Look through the data below for the line with "Jacquard-knit jumper", and transcribe it exactly together with each line after it up to and including the line with "Das Innere des". Give nothing else.

Information provided:
━━━━━━━━━━━━━━━━
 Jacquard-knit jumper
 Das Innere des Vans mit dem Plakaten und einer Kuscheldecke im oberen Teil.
━━━━━━━━━━━━━━━━
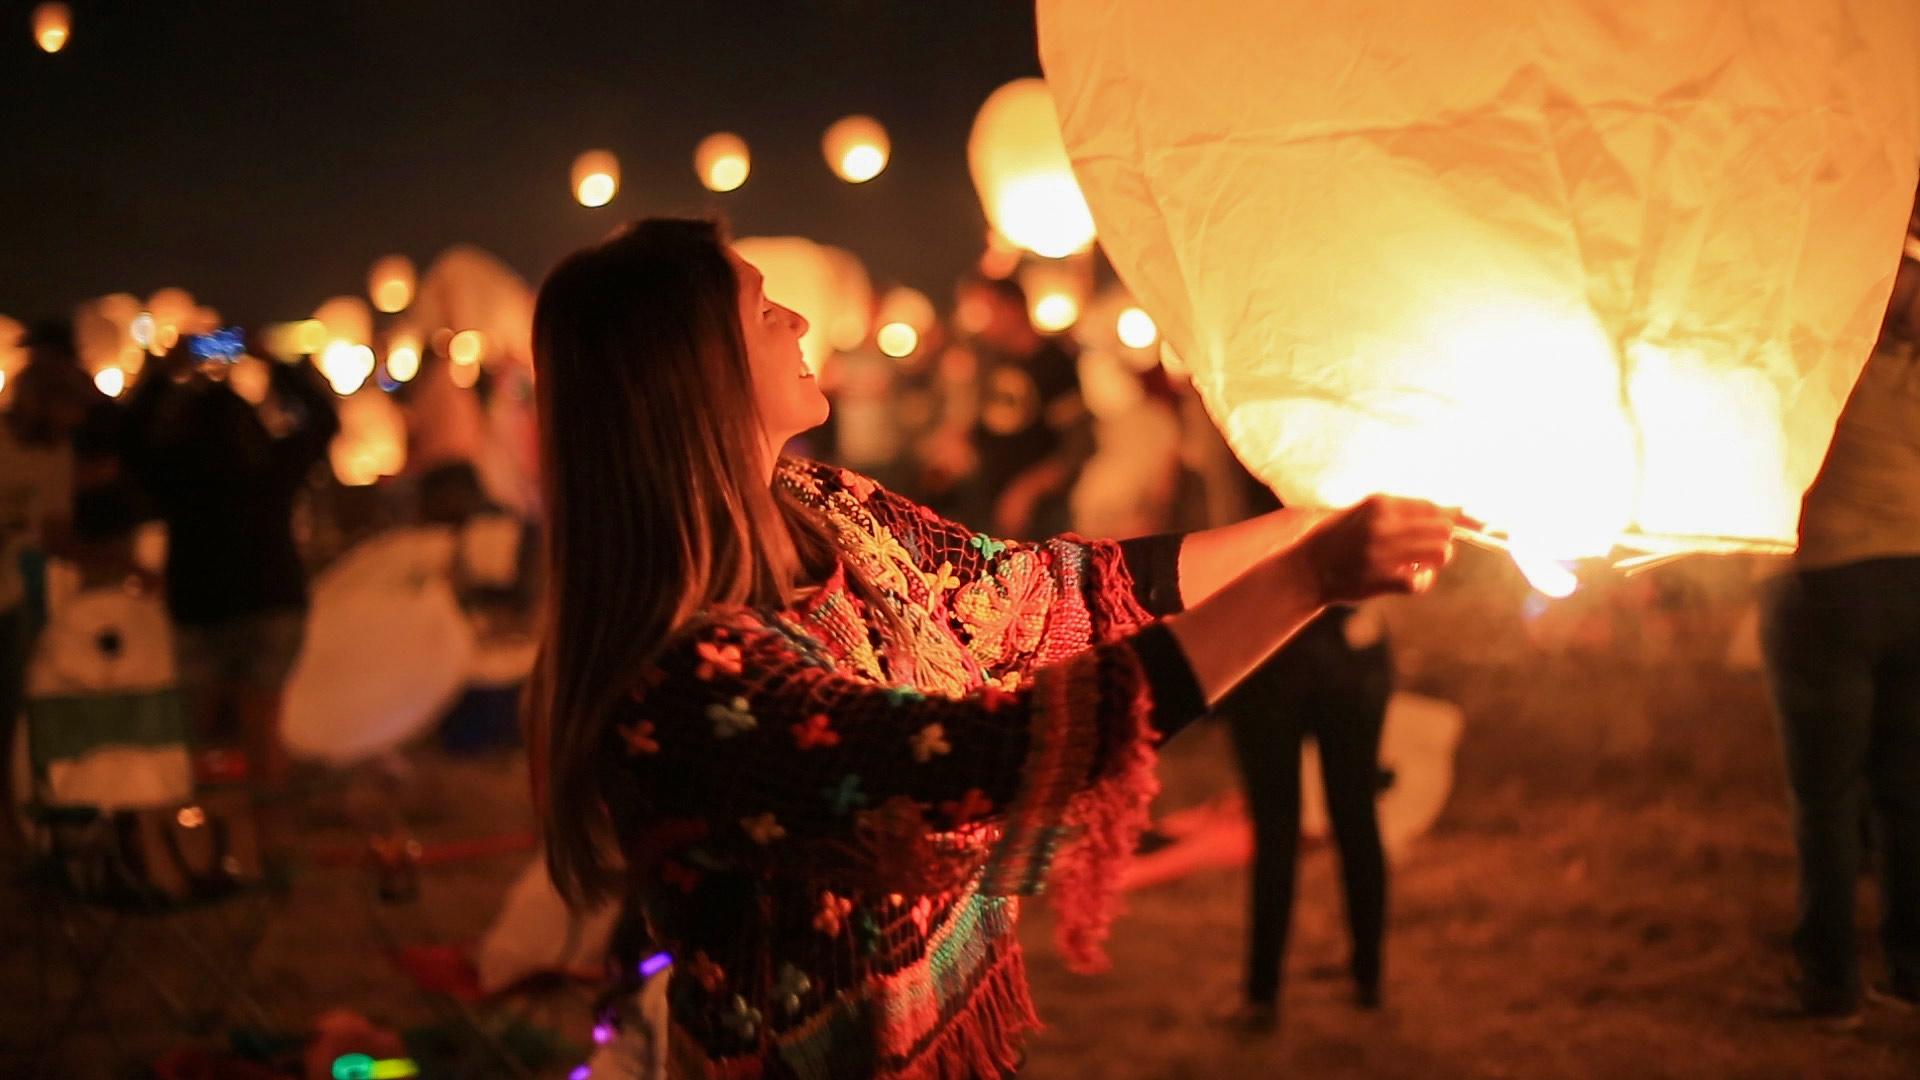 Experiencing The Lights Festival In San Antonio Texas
━━━━━━━━━━━━━━━━
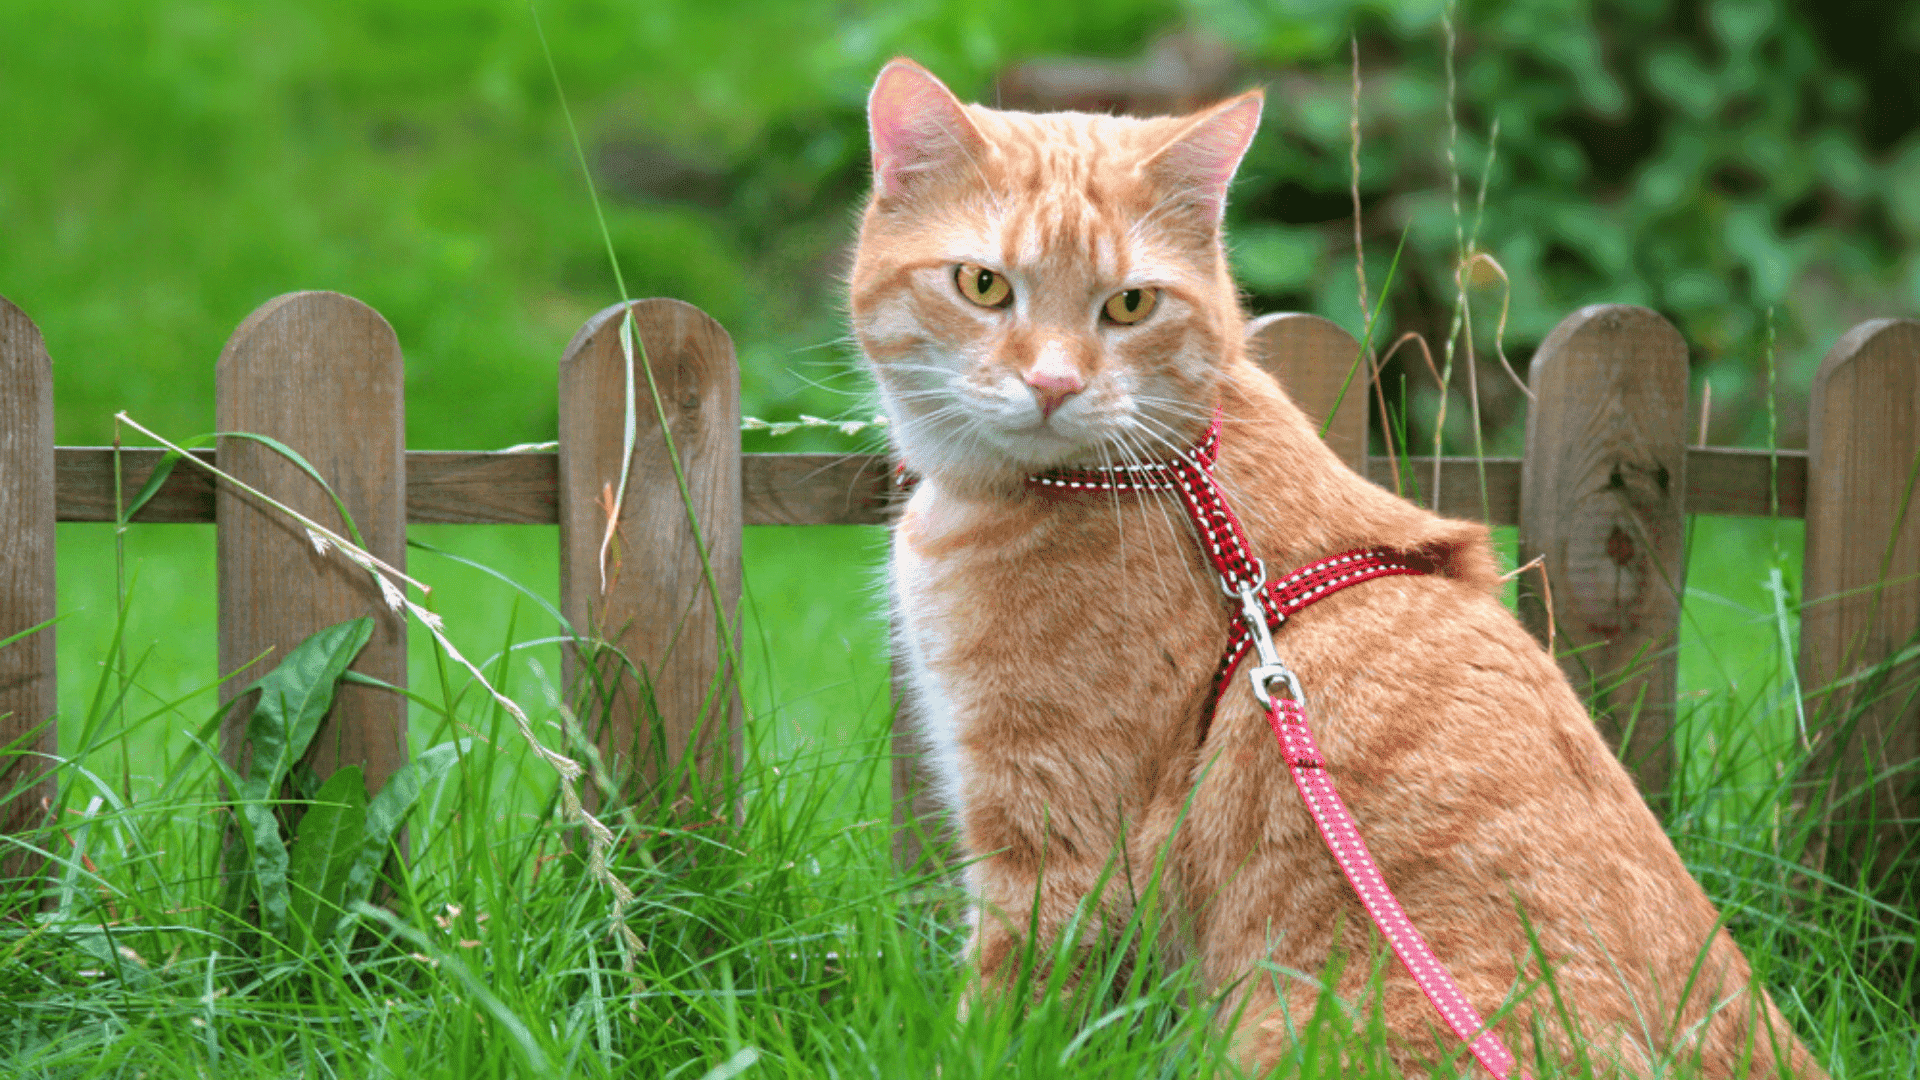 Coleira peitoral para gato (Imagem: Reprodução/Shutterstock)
━━━━━━━━━━━━━━━━
Problem solution:
 Jacquard-knit jumper
 Das Innere des Vans mit dem Plakaten und einer Kuscheldecke im oberen Teil.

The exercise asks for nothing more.